Latent Semantic Indexing (LSI), a vector space model for information retrieval, has shown promise in predicting functional relationships between genes using textual information in MEDLINE abstracts. The underlying principle is that genes may be represented as document vectors in a multi-dimensional hyperspace, and the conceptual relationship between any two genes is determined by the cosine of the angle between their vectors . In this study, we sought to extend this concept for identification of putative transcription factors (TFs) that regulate a group of co-regulated genes. We hypothesized that co-expressed genes identified by microarray experiments are functionally related and that at least some of these genes have previously been linked explicitly or implicitly to TFs in the literature. A transcriptional module is then defined as a set of genes clustered together in LSI space with closely related TFs (Figure 1). We devised a framework using these assumptions to identify transcriptional modules from microarray and promoter motif data (Figure 2). The framework requires as input, co-expressed genes from a microarray dataset and a set of TFs that have consensus motifs in the promoter regions of the co-expressed genes. Usually the set of such motif-derived TFs is large and makes the identification of the critical ones difficult. The framework first identifies functionally related clusters of co-expressed genes based on their latent relationships from literature, and then adds to each cluster TFs that are closely associated with the genes in the cluster. The putative transcriptional modules are ranked based on the degree of relative literature coherence amongst the entities in them.

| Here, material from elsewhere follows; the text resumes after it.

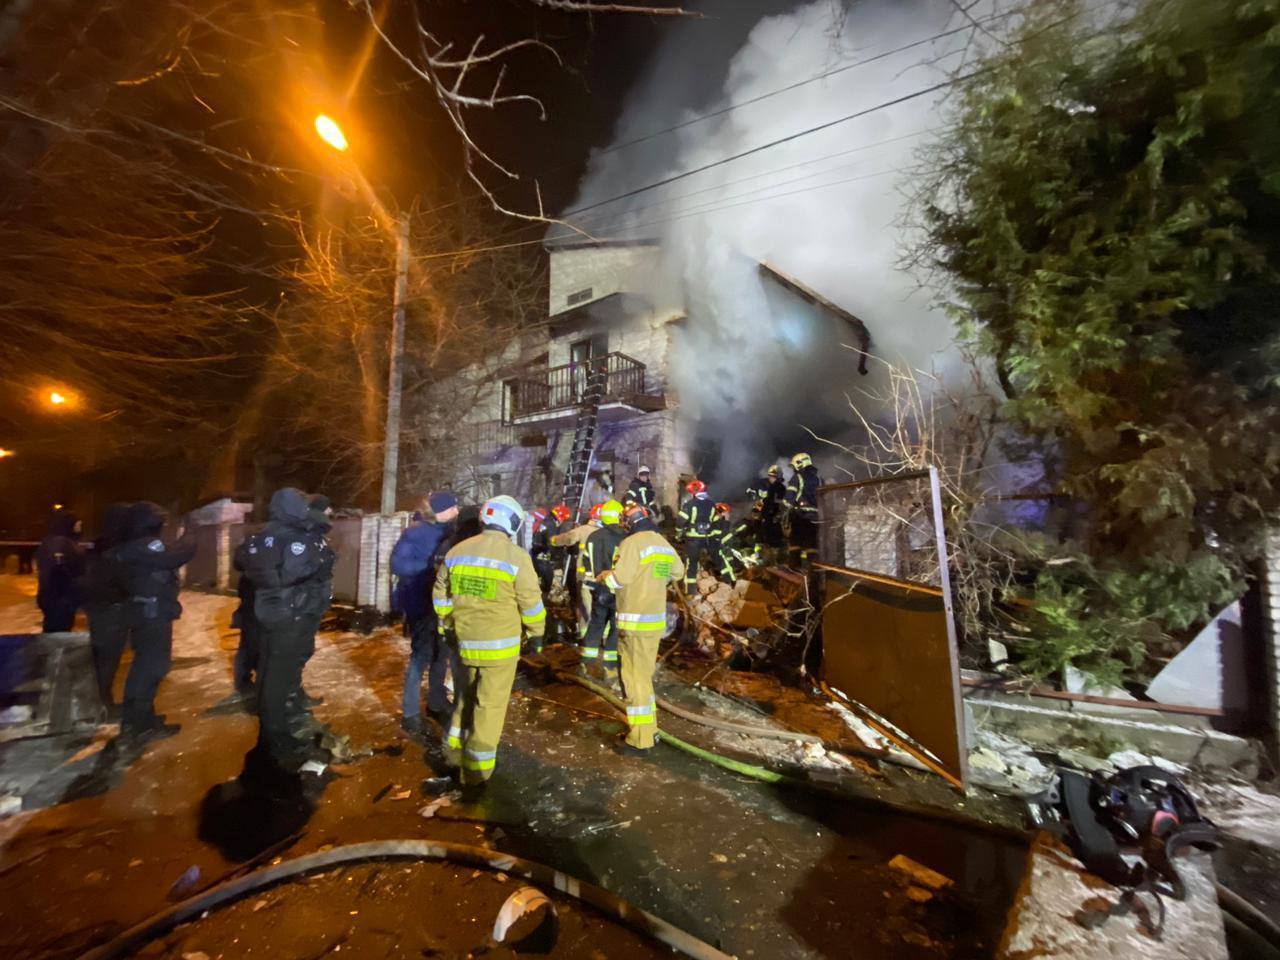 Во Львове произошел взрыв в частном доме: под завалами находились люди, есть погибшие. Фото и видео

Figure 1. Gene clusters and transcriptional modules in LSI space. Gene document vectors (blue) are clustered together in LSI space based on the closeness of the angle between them. Next, transcription factor vectors (green) are added to the clusters if their cosine value is close to the average cosine of the gene cluster.
Figure 2. Overview of Framework.
Results and discussion
The LSI-based algorithm allows prediction of TFs based on latent (implicit) relationships in the literature. A preliminary evaluation of our method using previously published knock-out experiments revealed that it has reasonable recall and precision. A more rigorous evaluation of the method will require several additional TF knock-out microarray experiments. This work provides proof of principle that the combination of motif analysis and LSI may be used to identify putative transcriptional modules from microarray data.